### Supplied data
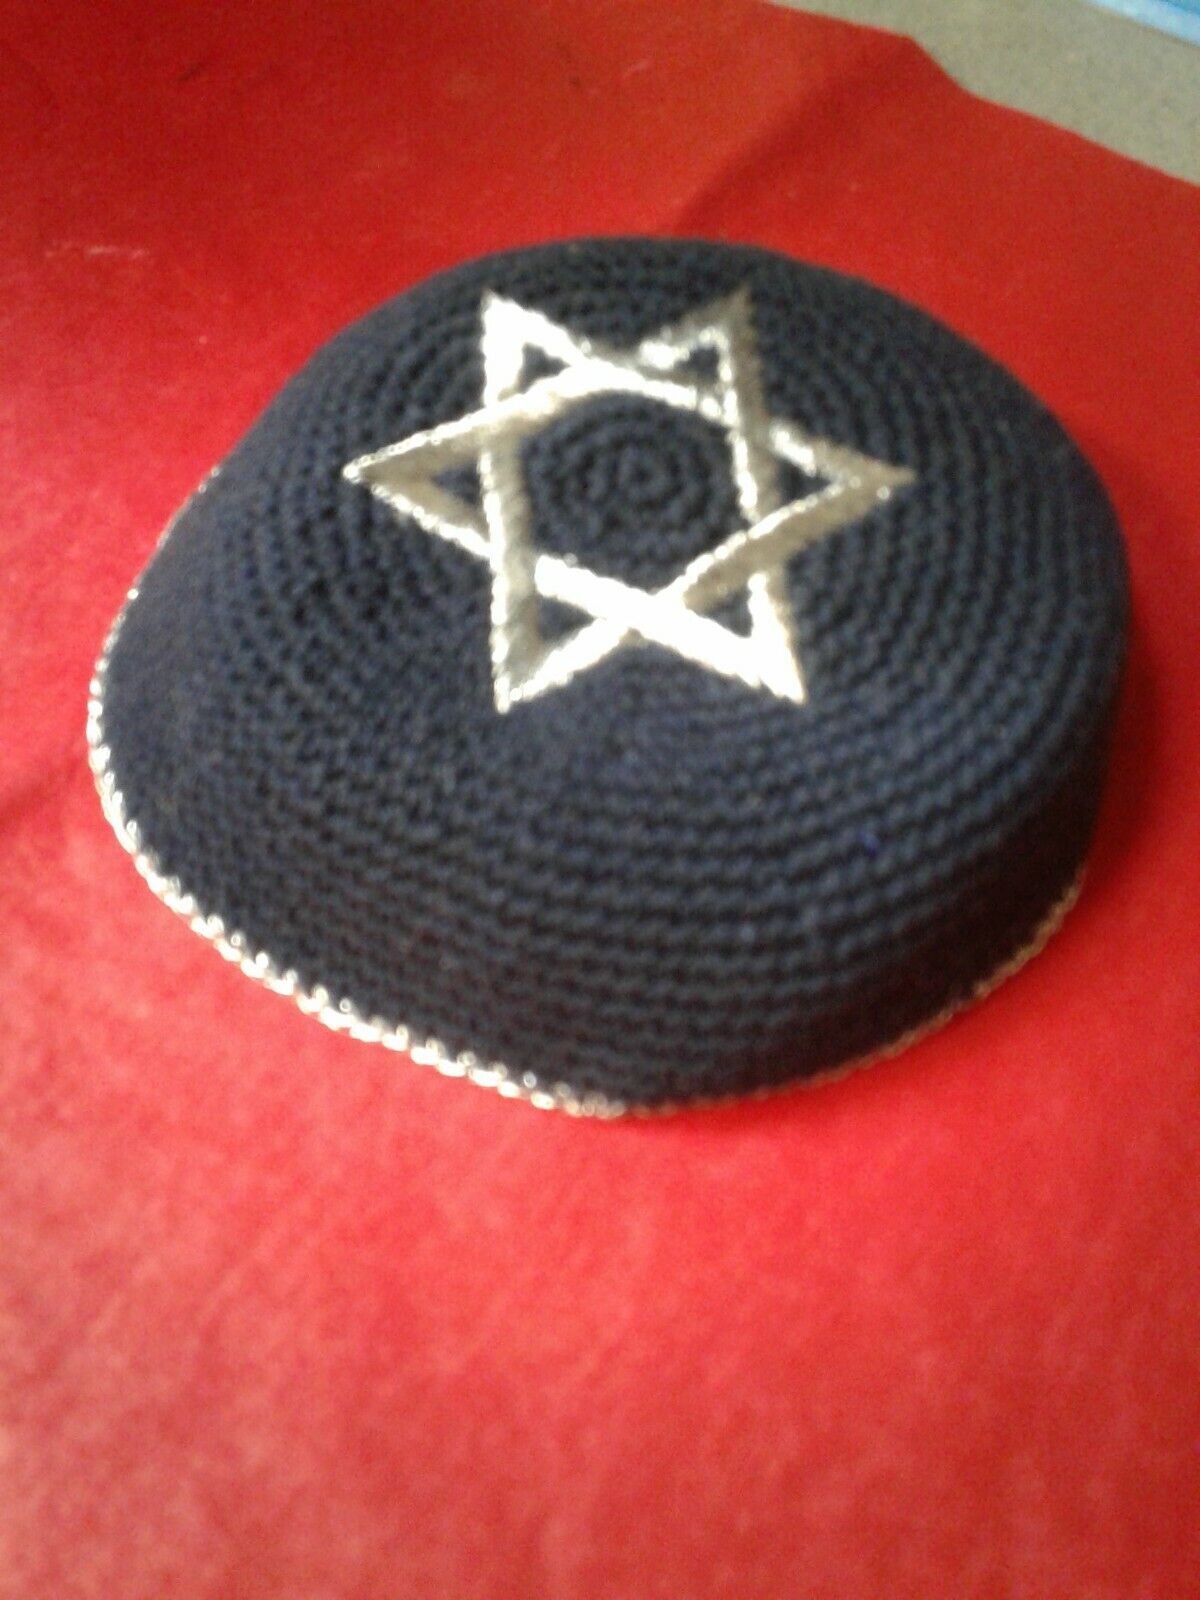 HAT THAT PEOPLE WEAR TO GO TO SYNAGOGUE  BOUGHT IN ISRAEL #61 BLUE AND SILVER
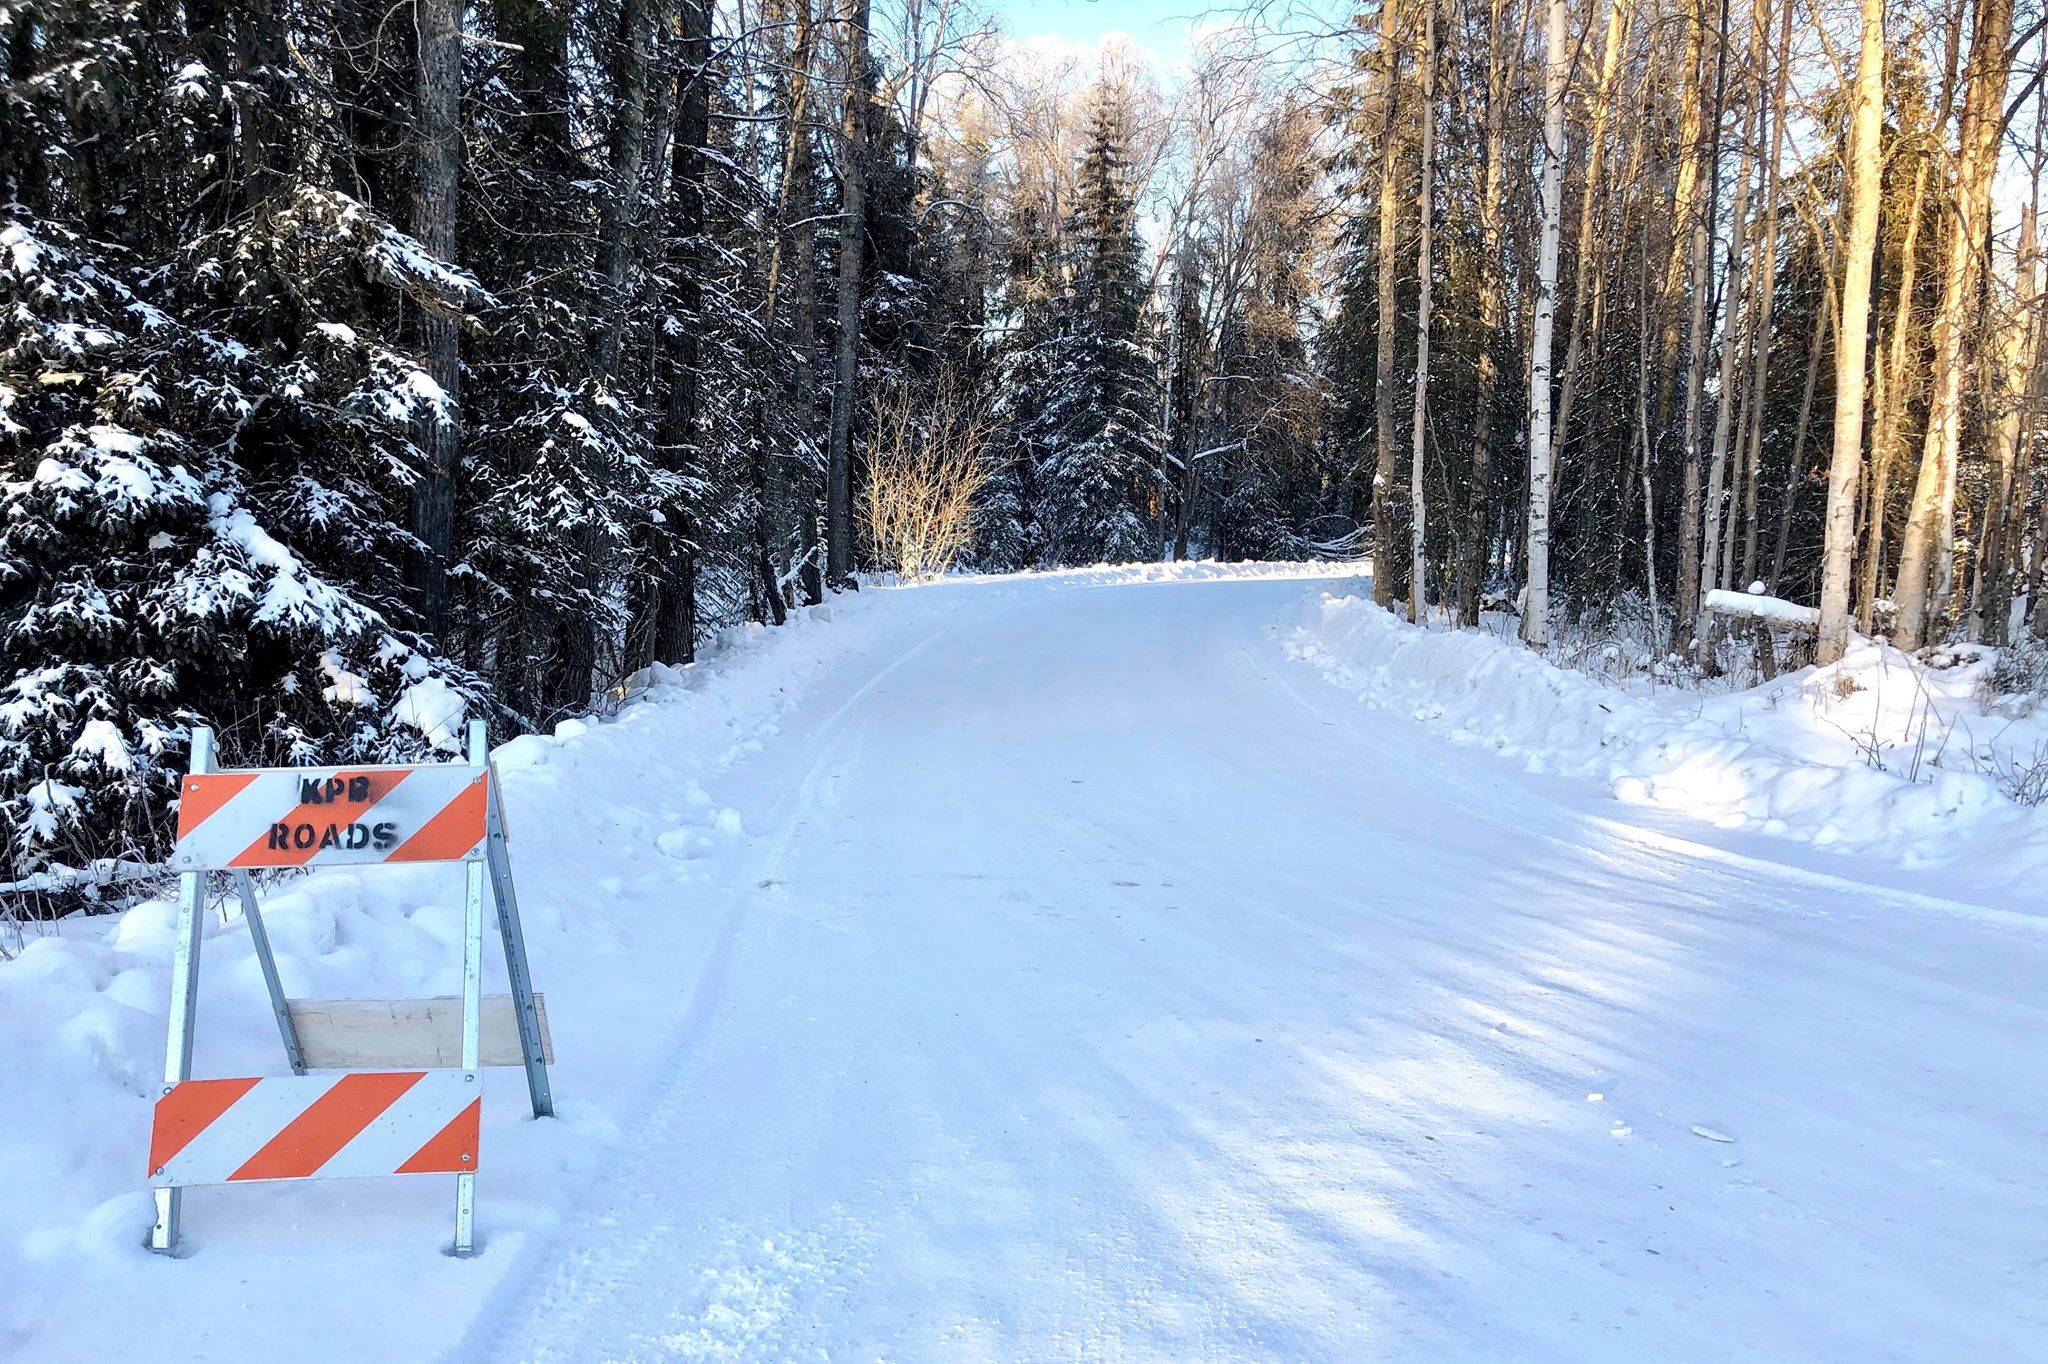 A Kenai Peninsula Borough barricade sits near Eddy Lane off of Big Eddy Road to keep traffic from traveling over flooded areas, Tuesday, Jan. 7, 2020, near Soldotna, Alaska. (Photo by Victoria Petersen/Peninsula Clarion)
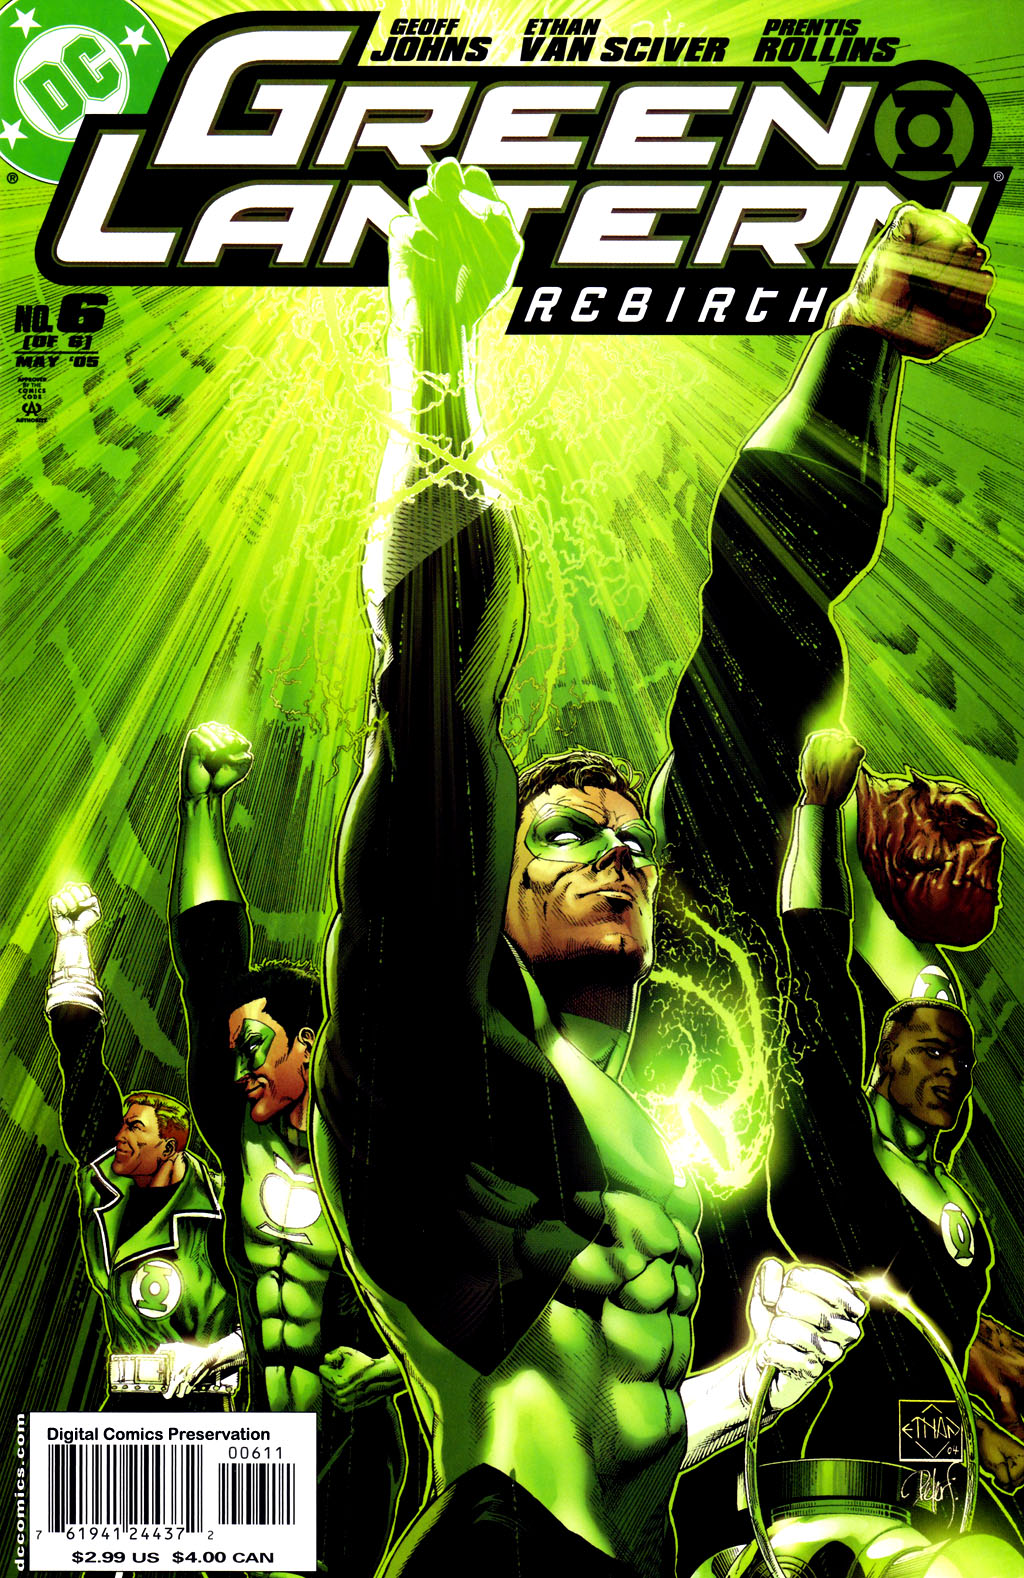 Rebirth 06 (of 06) (2005) (Team-DCP)

### Task item
From the line holding "A Kenai Peninsula" to the last line of the listing, please output each line exactly as it stands. Pictures stay out of the copy.

### Result of this exercise
 A Kenai Peninsula Borough barricade sits near Eddy Lane off of Big Eddy Road to keep traffic from traveling over flooded areas, Tuesday, Jan. 7, 2020, near Soldotna, Alaska. (Photo by Victoria Petersen/Peninsula Clarion)
 Rebirth 06 (of 06) (2005) (Team-DCP)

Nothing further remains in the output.